_WORK TO BE COMPLETED_:
Reproduce the data below line by line, from its first line to the line with "5_protege-tu-piel-promo-crema-solar-diagnostico", both included, and nothing past that point.

Collected data:
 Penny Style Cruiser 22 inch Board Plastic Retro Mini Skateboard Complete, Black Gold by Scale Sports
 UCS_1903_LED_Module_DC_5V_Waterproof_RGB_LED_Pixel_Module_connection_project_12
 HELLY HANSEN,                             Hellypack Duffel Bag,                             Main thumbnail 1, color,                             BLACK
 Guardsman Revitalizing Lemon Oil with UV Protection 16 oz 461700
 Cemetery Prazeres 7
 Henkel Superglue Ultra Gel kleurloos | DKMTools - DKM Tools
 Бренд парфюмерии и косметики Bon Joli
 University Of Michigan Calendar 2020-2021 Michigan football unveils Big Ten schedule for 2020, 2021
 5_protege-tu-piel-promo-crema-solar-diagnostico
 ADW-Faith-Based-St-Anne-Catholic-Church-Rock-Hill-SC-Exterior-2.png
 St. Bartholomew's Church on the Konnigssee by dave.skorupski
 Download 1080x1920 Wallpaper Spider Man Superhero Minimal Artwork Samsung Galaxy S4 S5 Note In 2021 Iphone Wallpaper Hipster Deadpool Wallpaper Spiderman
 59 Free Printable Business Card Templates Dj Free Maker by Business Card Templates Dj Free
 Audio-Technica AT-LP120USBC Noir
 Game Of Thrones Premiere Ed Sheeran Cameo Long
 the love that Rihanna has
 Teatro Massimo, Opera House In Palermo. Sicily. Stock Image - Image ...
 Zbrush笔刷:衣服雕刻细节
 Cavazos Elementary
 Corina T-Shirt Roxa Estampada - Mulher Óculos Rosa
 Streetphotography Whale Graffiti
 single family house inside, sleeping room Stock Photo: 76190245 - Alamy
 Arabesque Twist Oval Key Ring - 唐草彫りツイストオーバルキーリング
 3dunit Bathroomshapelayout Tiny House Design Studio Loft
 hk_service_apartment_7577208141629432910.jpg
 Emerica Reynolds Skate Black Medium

_WRITTEN SOLUTION_:
 Penny Style Cruiser 22 inch Board Plastic Retro Mini Skateboard Complete, Black Gold by Scale Sports
 UCS_1903_LED_Module_DC_5V_Waterproof_RGB_LED_Pixel_Module_connection_project_12
 HELLY HANSEN,                             Hellypack Duffel Bag,                             Main thumbnail 1, color,                             BLACK
 Guardsman Revitalizing Lemon Oil with UV Protection 16 oz 461700
 Cemetery Prazeres 7
 Henkel Superglue Ultra Gel kleurloos | DKMTools - DKM Tools
 Бренд парфюмерии и косметики Bon Joli
 University Of Michigan Calendar 2020-2021 Michigan football unveils Big Ten schedule for 2020, 2021
 5_protege-tu-piel-promo-crema-solar-diagnostico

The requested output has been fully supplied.